Ia mengaku tak suka berbasa-basi. Saat gunung sedang dalam status Awas Om Ruben rasanya susah untuk tertidur. "Mata harus terbuka trus yah ini kopi noh teman setia (mata harus terjaga, minum kopi jadi teman setia)" kata pria berkulit cokelat ini.

Om Ruben mengaku sudah tak dapat menghitung sehari berapa jam Ia bisa tidur. Bahkan sejak Karangetang baik status menjadi level IV yaitu level tertinggi 'Awas' Om Ruben mengaku hanya tidur beberapa jam. "Kadang sudah tutup mata tapi pikiran jalan karena khawatir," katanya sambil memegang teleskop pemantau jarak jauh.

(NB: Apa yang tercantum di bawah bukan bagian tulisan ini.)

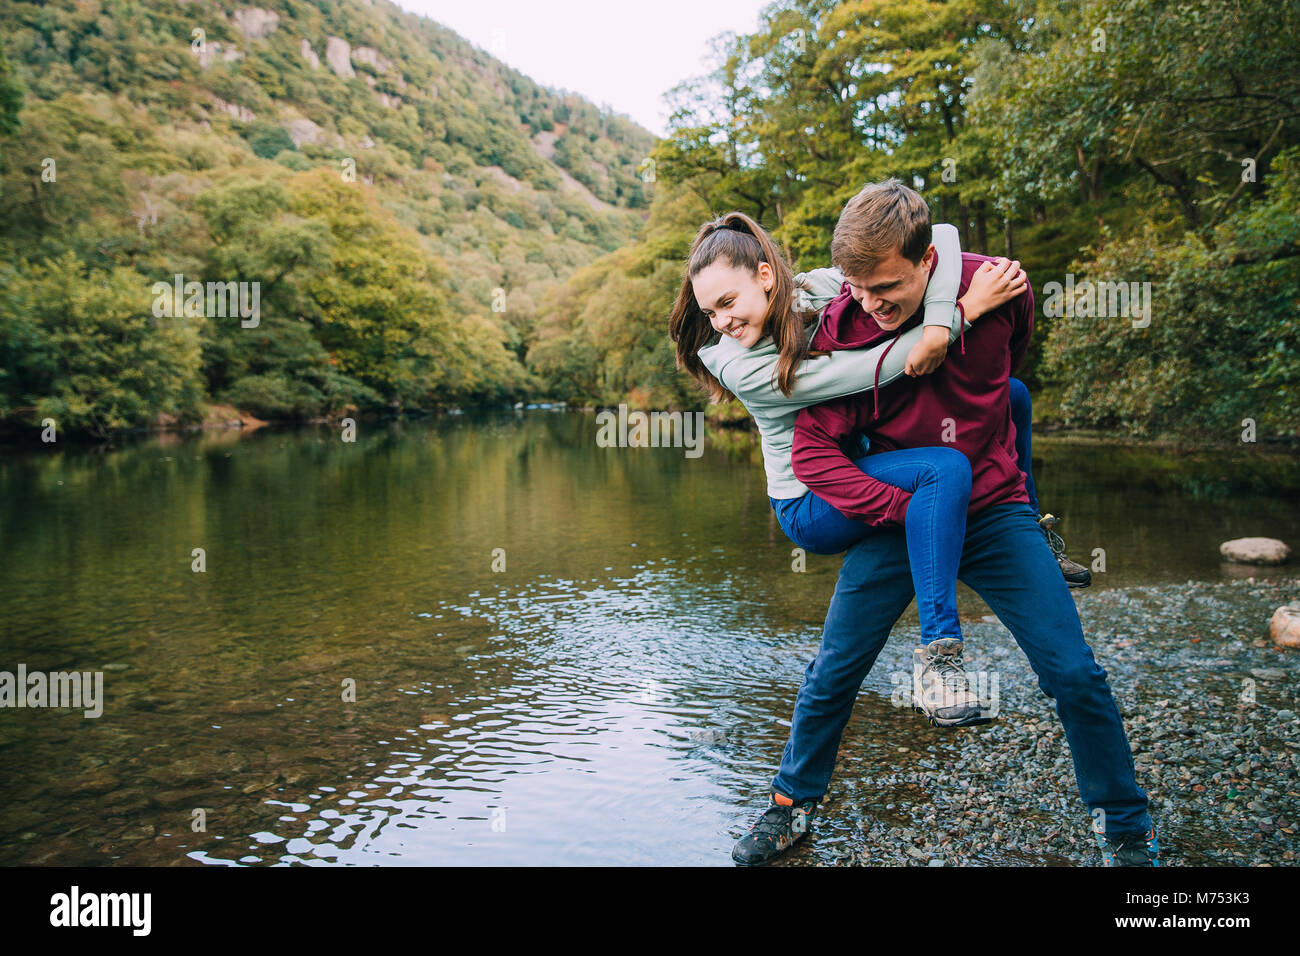 Ragazzo adolescente ha la sua sorella in una piggy back attesa e finge di buttarla in un lago mentre sono fuori escursionismo. Foto Stock

Keluarganya tinggal di Kampung Beong yang berjarak belasan kilo dari pos pemantau tempatnya bekerja. Om Ruben sesekali turun menemui isteri dan anaknya namun dalam kondisi saat ini biasanya hanya untuk makan malam dan istirahat sejenak. "Saya lebih banyak di pos, jika aktivitas (Karangetang) seperti saat ini," kata suami tersayang dari Suryati Tataung ini.

Sembari menunjukan jari ke alat seismograf yang ada didepannya, ayah dari Melva  Hinondaleng hanya tersenyum saat ditanya apa suka dan dukanya. "Pokoknya selama ada kopi saya selalu nikmat dengan pekerjaan biarpun tidur kurang," katanya.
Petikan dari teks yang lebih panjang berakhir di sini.